The Burgers equation is the simplest example of a partial differential equation demonstrating both diffusive and nonlinear propagation effects. $$ u_{\color{red}{t}} + u u_{\color{blue}{x}} = \nu u_{\color{blue}{xx}} \tag{1} $$ Coloring distinguishes $\color{red}{time}$ derivatives from $\color{blue}{space}$ derivatives.

Cole-Hopf transform

The nonlinear transform of Cole and Hopf is, $$ u = -2\nu \frac{\varphi_{\color{blue}{x}}}{\varphi}, $$ similar to the Thomas transformation of exchange equations.
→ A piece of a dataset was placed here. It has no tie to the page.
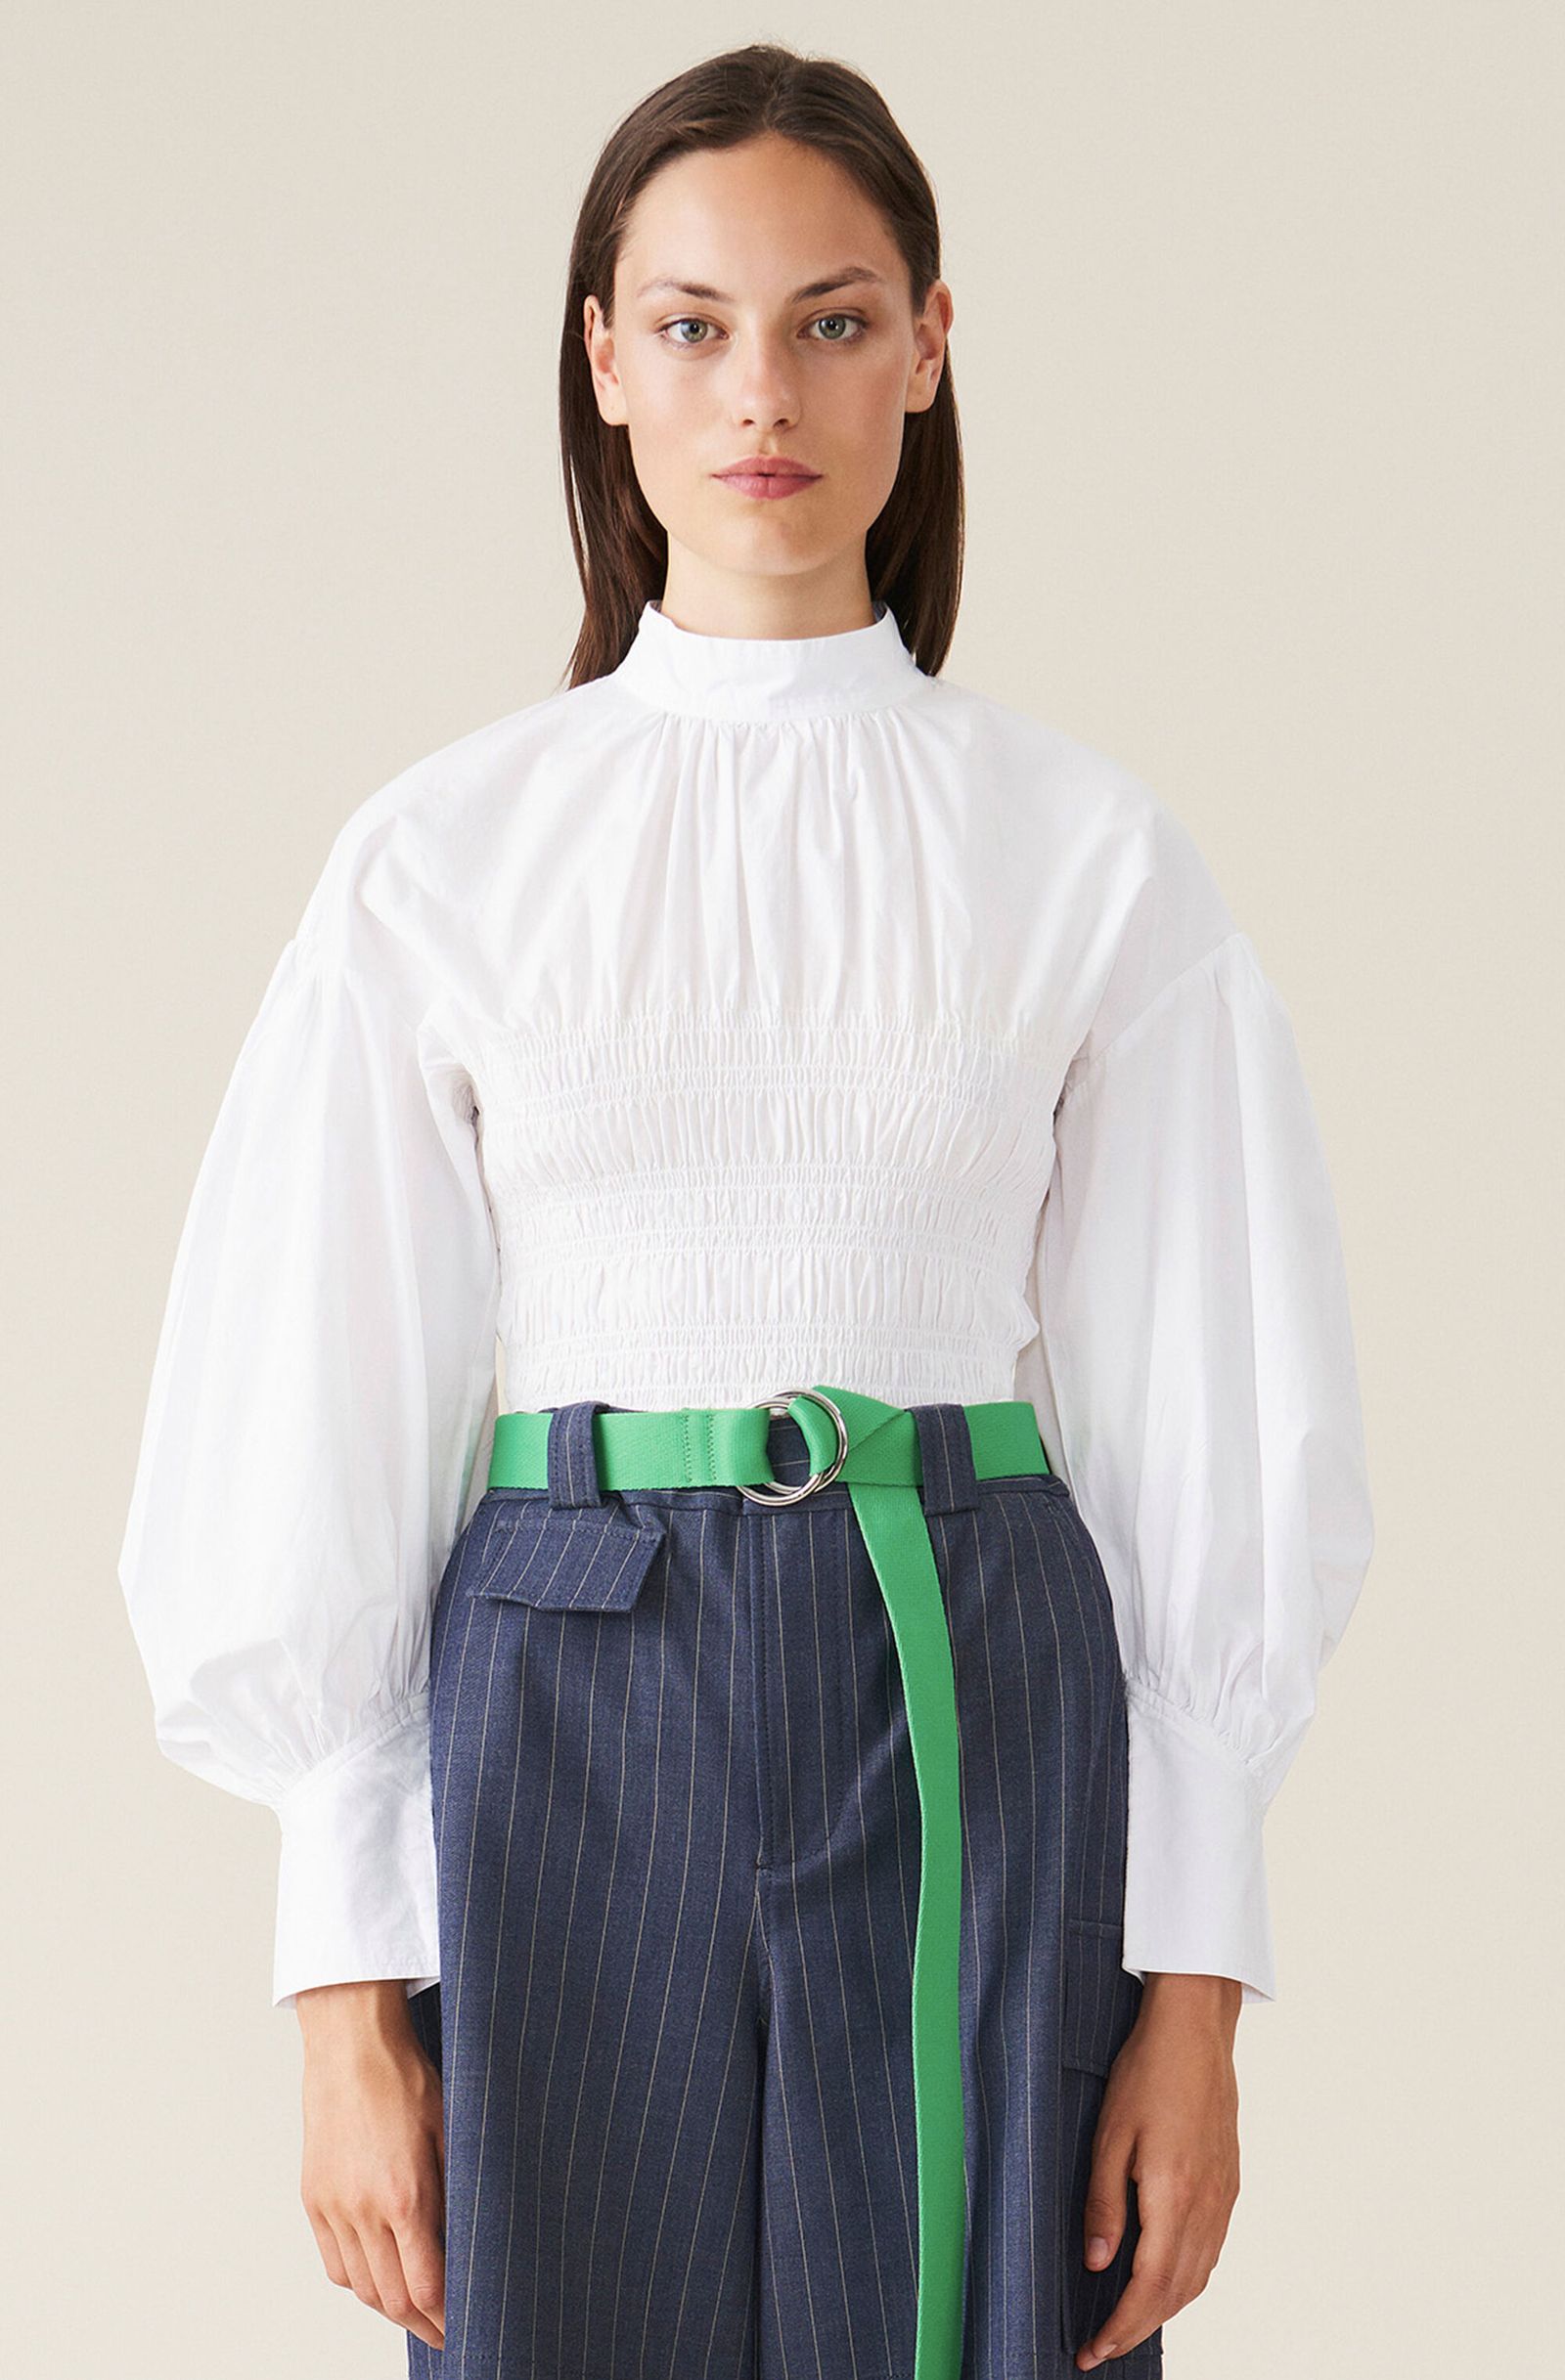 The 33 Best White Blouses We're Wearing on Repeat in 2021 | Who What Wear

The transformation is resolved into two steps.

Step 1

Set $$u = \psi_{\color{blue}{x}},$$ and equation (1) becomes $$ \psi_{\color{red}{t}} + \frac{1}{2}\left(\psi_{\color{blue}{x}}\right)^{2} = \nu \psi_{\color{blue}{xx}} \tag{2} $$

Step 2

Set $$\psi = -2\nu \ln \varphi,$$ and equation (2) reduces to the heat equation $$ \boxed{ \varphi_{\color{red}{t}} = \nu \varphi_{\color{blue}{xx}} } \tag{3} $$ The nonlinear term has vanished because of the nonlinear transformation.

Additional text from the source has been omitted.